Von Joëlle Anna Käser. Dieser Beitrag ist Teil der Reihe «Gendered Spaces».
Pff was zur Höu sött e Gender-Gap si?!
2013, erstes Lehrjahr. Meine erste Konfrontation mit dieser Schreibweise lag in Form einer Textkorrektur auf meinem Schreibtisch. Die Kundin begründete ihren Entscheid ungefähr damit, dass sie auf soziale Ungleichheit verweisen und alle Geschlechter einbeziehen möchte. So ganz verstehen konnte – oder wollte – ich trotzdem nicht.
Aso i weiss nid was s Problem isch!? Besser wird’s emu nid, wenn sie das no so müse betone!

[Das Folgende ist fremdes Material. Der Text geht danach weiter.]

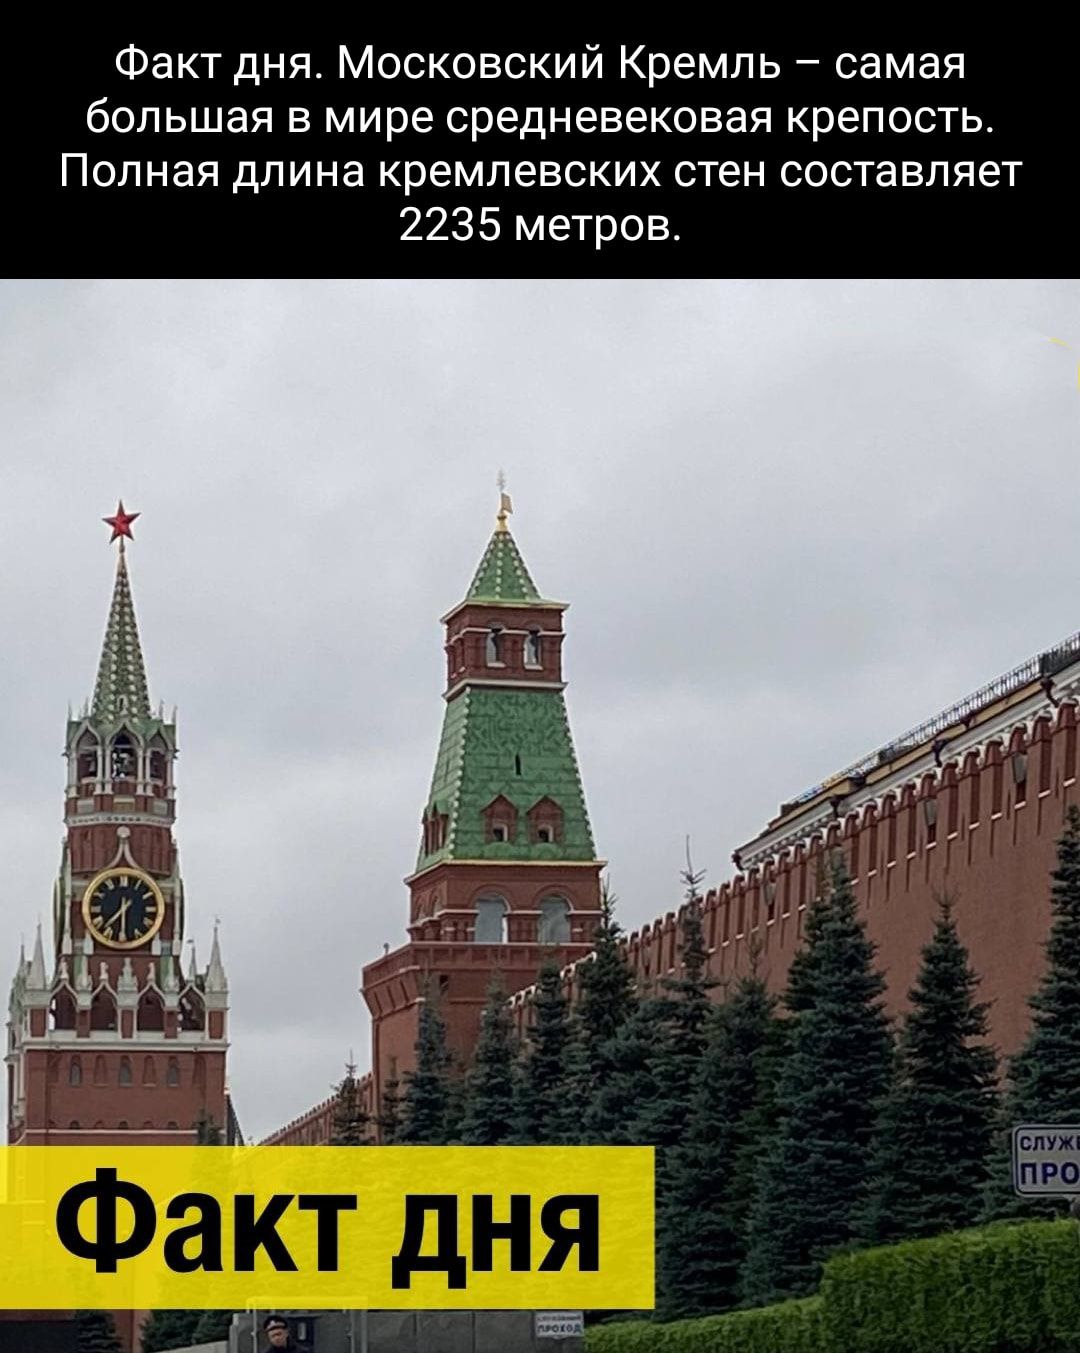 Факт дня Московский Кремль самая большая В МИРЕ средневековая крепость ПОПНЗЯ дПИНа КРЕМПЕЕСКИХ СТЕН составляет 2235 метров

Erinnerungen wie diese machen mehr als deutlich, dass ich nicht immer die Ansichten vertrat, die ich hier und jetzt vertrete. Nicht selten erfüllen sie mich mit Scham und Wut auf mich selbst: Sind es doch genau solche Aussagen und Denkweisen, die mich heute zur Weissglut treiben. Mit einer Distanz von über zehn Jahren und aus einer privilegierteren Perspektive betrachtet, sind diese Erinnerungen aber vielleicht auch eine Chance zu erkennen, welche strukturellen Bedingungen dazu beitragen, etwas Neues lernen zu wollen. Und darüber hinaus: Etwas bereits Gelerntes in Frage stellen zu können.
Welche Ressourcen werden dafür vorausgesetzt? Und wem stehen sie zur Verfügung?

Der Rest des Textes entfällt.